As technological advances have introduced efficiencies and opportunities for measuring and monitoring biodiversity, understanding and comparing the trade‐offs and biases between conventional, active sampling approaches is critical to ensure the quality of conclusions made from these analyses (Barnhart, 2014; Clare et al., 2017; Ford et al., 2016). As eDNA, acoustic monitoring, camera trapping, and other passive methods are deployed, researchers must be confident in the data to inform management decisions. Here we compared passive and active sampling for bats. Across all species, the maximum overlap of 45% difference in HSMs between passive and active indicates that sampling bias between data types influences HSMs, with important implications for informing management decisions (Table 2). The active model had the highest maxSSS for two of the three species, highest AUCTest value, and the smallest amount of suitable habitat for all species (Table 1). This indicates that active data may create more robust HSM for chiropteran species on a landscape scale, even for species that are more difficult to capture, contradicting previous studies (Barnhart & Gillam, 2014; Ford et al., 2016). However, using an active model for conservation decisions may overemphasize forested habitat and underemphasize open foraging and flying habitat. Overall, this underscores that considerations should be made regarding the influence of data types on HSMs in three key ways: sampling bias, biological bias during detection, and the species bias from their life history and ecology.

4.1. Sampling bias

Sampling bias for each data type is visible in the models, as the efficacy of different detection types varies between locations (Gu & Swihart, 2004; Zwart et al., 2014).
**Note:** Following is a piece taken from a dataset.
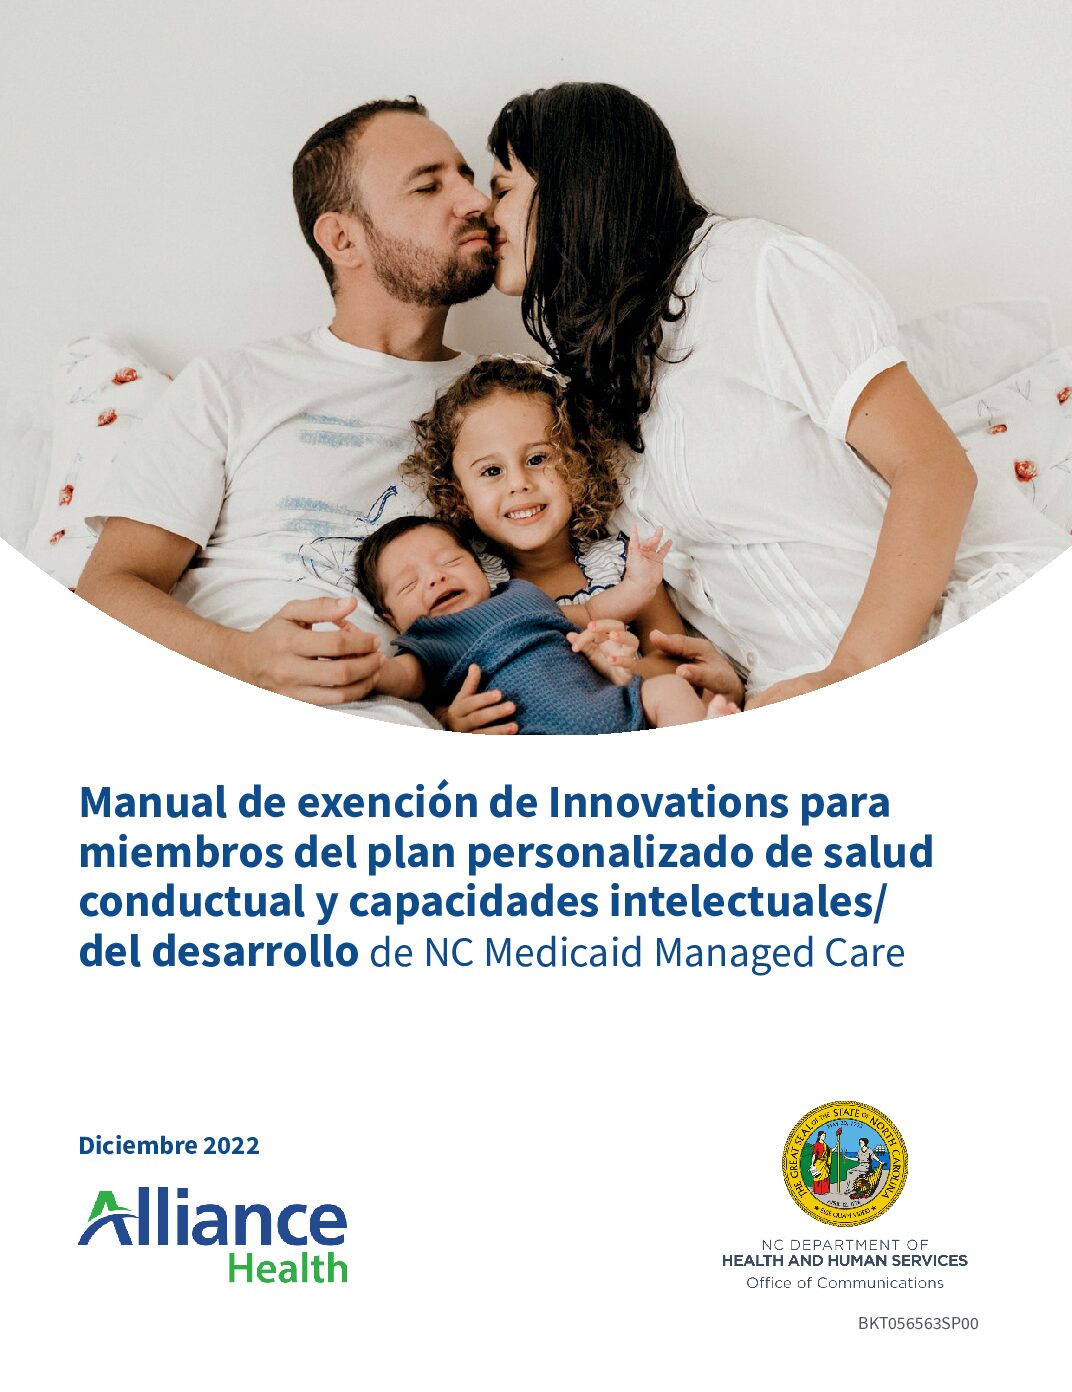 Manual de exención de Innovations para miembros del plan personalizado de salud conductual y capacidades intelectuales/del desarrollo de NC Medicaid Managed Care

For effective mist‐netting of chiropteran and avian species, nets need to be placed in flyways and corridors that funnel animals into the net (Geluso & Geluso, 2012; MacCarthy et al., 2006; O'Farrell & Gannon, 1999). Forests and riparian zones provide these “funnels” and are frequent netting sites (Coleman et al., 2014; Geluso & Geluso, 2012). As such, mist‐net derived occurrences are distributed primarily in riparian and forested zones and lacking in residential and open fields (e.g. prairie, row crop agriculture, etc.). This creates sampling bias with higher numbers of active occurrences within forested and riparian zones, which is reflected in our active models and illustrated by the majority of suitable habitat falling along Illinois' big rivers. This may be the reason for active data having the lowest percentage of the state as suitable for all focal species, as only 12% of Illinois is forested and may diminish with increasing cell size and land‐cover type homogenizes (Luman et al., 2004).

Conversely, passive data are easily collected, especially in urban environments, open fields, row agriculture, forests, and riparian habitats. While vegetation reduces the distance to detection for acoustics and camera trapping, other passive methods such as eDNA and fecal sampling are less impacted by land‐cover type (Leempoel et al., 2020; Moll et al., 2020; O'Keefe et al., 2014). Passive sampling was distributed more broadly in our study and evenly throughout the landscape, although with a critical disparity in Illinois' southern forests. The lack of acoustics in Illinois' forested regions mainly occurred because there were no NABat GRTS cells allocated in this portion of the state as there is minimal forest in Illinois, so by random chance none were selected (Loeb et al., 2015; U.S. Geological Survey, 2022). This manifests in greater distribution of suitable habitat as more of the state land cover is represented, not strictly confined to forested areas of the state as in the active models. To a degree, this may reflect, the open habitat proclivities of more generalist species (e.g., L. borealis and L. cinereus), which is supported by previous habitat modeling and minimize the habitat proclivities of clutter adapted species (e.g., P. subflavus) (Menzel et al., 2005; Vanausdall et al., 2018; Wieringa et al., 2021). For a rarer and shorter distance forest specialist such as P. subflavus, the passive model does not reflect their forest requirements, potentially because of a lack of sampling in the predominantly forested region of the state compared with the longer range and more generalist L. borealis and L. cinereus. (Cox, 2019; Farrow & Broders, 2011; Schaefer, 2017).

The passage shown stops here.